Although you are in fact streaming it...!
+1
Interesting thread. Think we're only nuzzling at the surface here of fundamental change, but suspect each generation (or two) faces the same as they retreat. My son doesn't consider it to be so; he will have his own, and I pity him not walking up to the station on Thursday mornings to get his copy of the NME, to know what it felt like to be able to buy that new album you've been waiting for, maybe to play his tennis racket like a guitar in front of the mirror, but he doesn't mind or miss these things at all....perambulations like these always make me wish I could have an hour or two with my own father again, ask him what he truly missed, what I missed, but, of course, too late....
Quite an interesting video about Millenians (todays youth). It's an interview with Simon Sinek about how a generation that's always connected to the internet grew up and there feelings and ideas of the world. Everything has become instant for a lot of those young people. Like music you want to hear, movies you want to see or dating.

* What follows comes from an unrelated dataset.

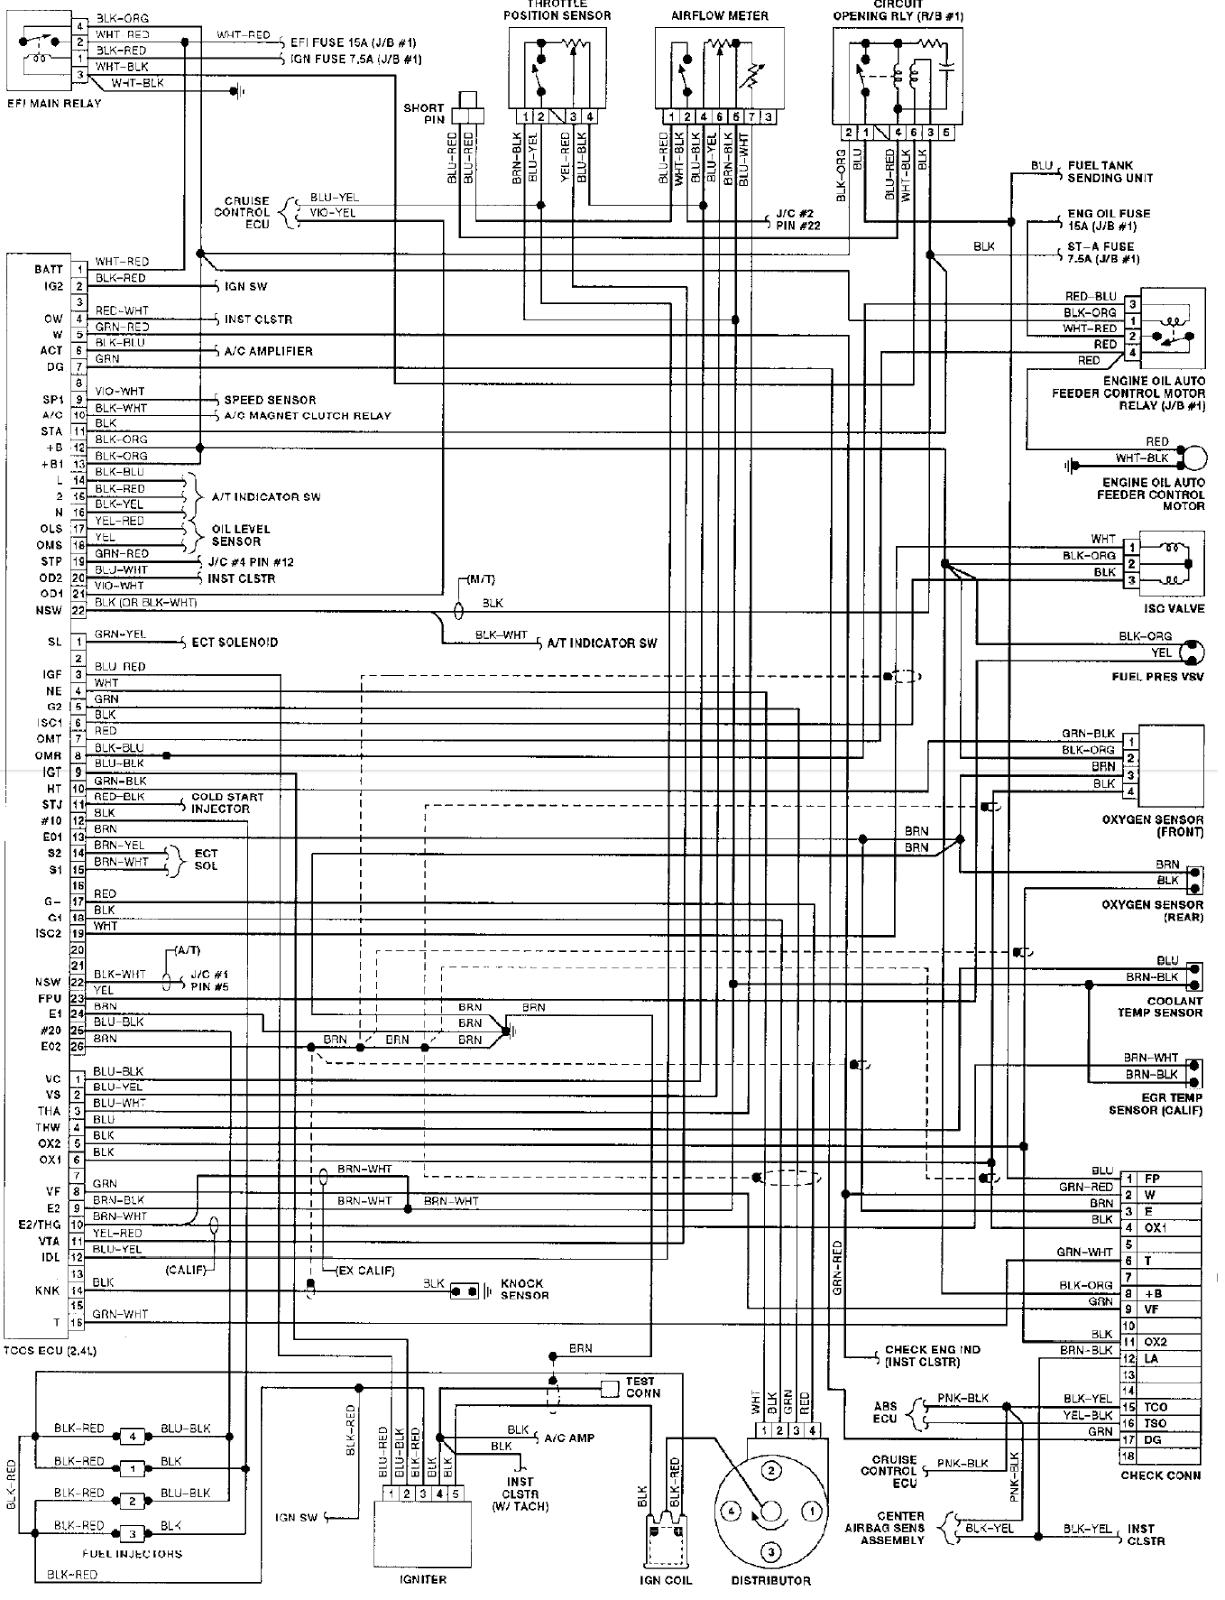 renault clio towbar wiring diagram ecu fuse diagram renault clio uch wiring diagram #9

Never getting old never gets old.
In the past there were several interest P2P clients (like Napster en SoulSeek) where you could search for very obscure music stuff just because so many people used them. Copyright lawsuits and an imploding userbase took those clients down or rendered them worthless. Later a lot of blogs sharing obscure music stuff (like for example no-longer-forgotten-music that held a huge archive of nearly all 70s and 80s cassette labels) through file sharing websites became the thing for seekers. But this imploded when file sharing sites became under attack (megaupload). Nowadays you have paid streaming services where you unfortunatelly can't find the obscure stuff for that you have Soundcloud nowadays. But for the older stuff you have to go to YouTube. With this last site I see more and more things removed. They take down also the more obscure stuff quite easily.